Già alla scuola materna, i bambini sono educati e, in qualche modo, iniziati alla lingua inglese, la lingua più parlata in Europa. Alla specialistica, molti optano per lo spagnolo, l’arabo, il cinese, considerate lingue d’avanguardia. E il francese?
Il francese è solo la seconda lingua più parlata in Europa. E’ conosciuta in soli 51 paesi nel mondo. Questi numeri sono sufficienti a giustificarne l’importanza. Ma, volendo essere più dettagliati, dal punto di vista economico, la Francia è il secondo paese partner più importante per il nostro Paese. Tra cui i 100 gruppi imprenditoriali francesi presenti in Italia offrono 239 mila posti di lavoro. Dal punto di vista letterario, poi, italiano e francese sono due lingue che provengono dalla stessa matrice, il latino: stiamo insomma parlando di una parentela storica e culturale. Se diamo inoltre un’occhiata al vocabolario italiano, per non parlare di quello inglese, vanta miriadi di parole ereditate dal francese.
Può sembrare dunque una lingua antica, poco moderna, quella che studiavano i nostri genitori e i nostri nonni a scuola, quella scelta “sbagliata” se comparata con la possibilità di scegliere l’inglese. Eppure un tempo il francese era la lingua internazionale per eccellenza, elegante, raffinata, moderna: da quando l’occhio del mirino è stato puntato dal lato anglo-americano, è stata messa in atto una vera e propria trasformazione politica, economica, sociale e culturale.

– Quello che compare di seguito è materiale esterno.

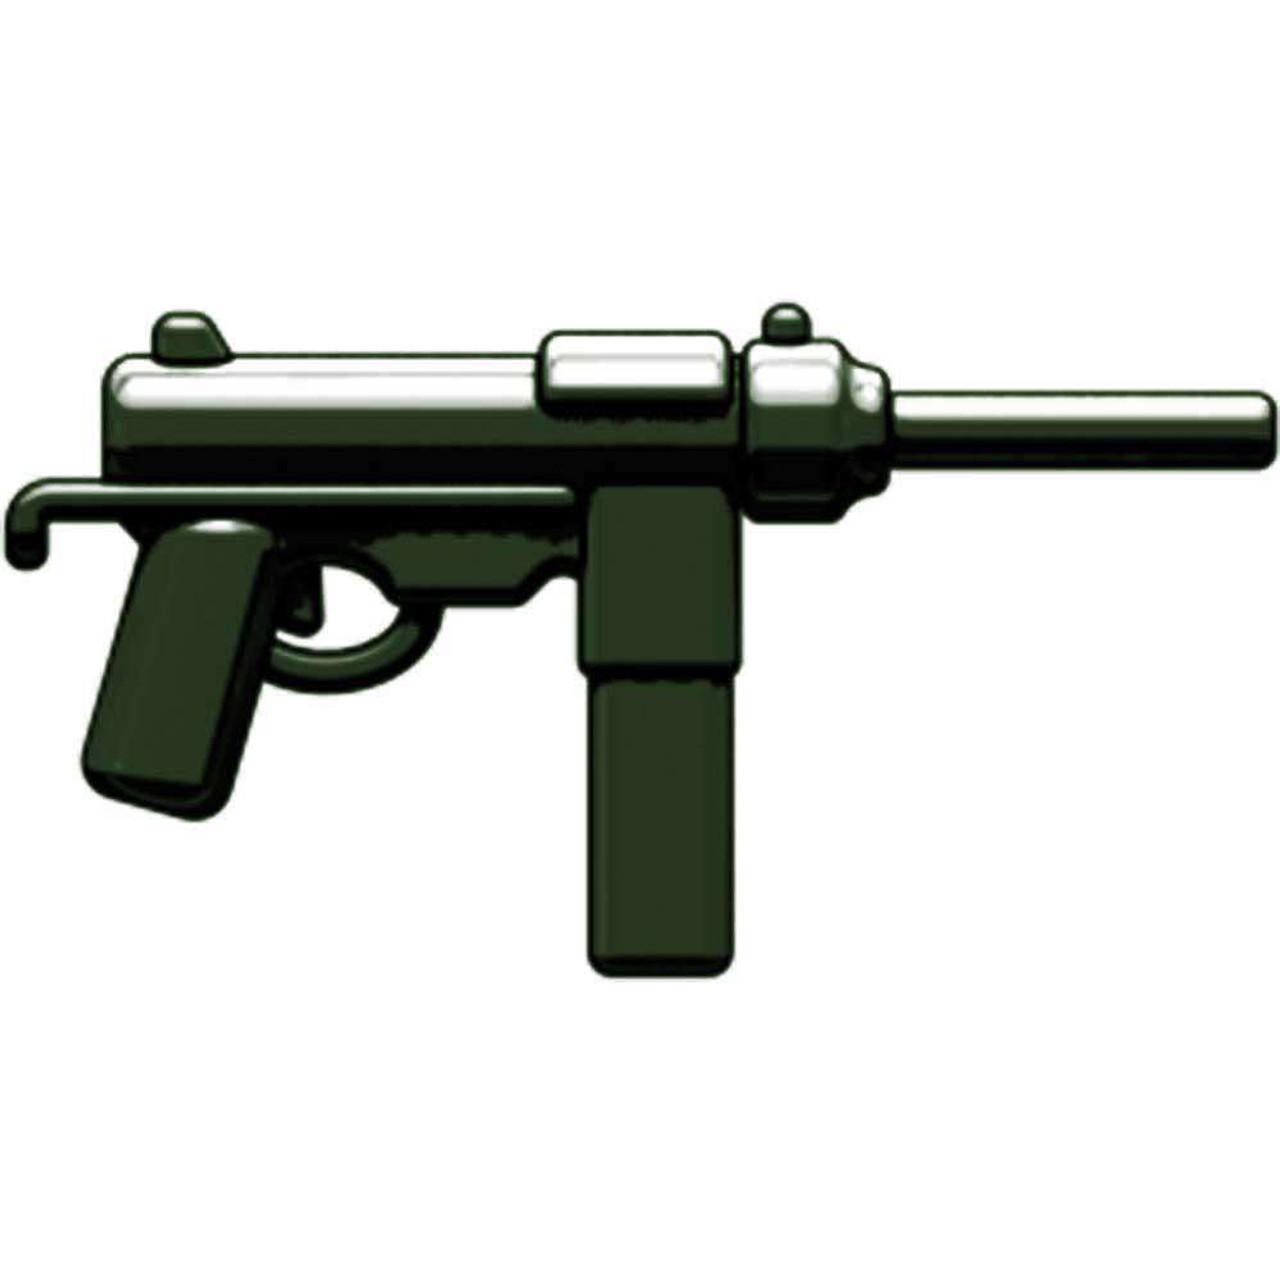 BrickArms Weapons M3 Grease Gun 2.5-Inch [Dark Olive Green]

Eppure restiamo tutti ammaliati da una parigina che intona il suo accento, che sfoggia la sua lingua come il più elegante dei vestiti a lei possibili.
Ma la risposta più opportuna è quella degli economisti delle lingue che sostengono che sia più redditizio per un italiano investire sul francese (o sul tedesco) che non sull’inglese perché si parla di “conoscenze più rare e remunerate“.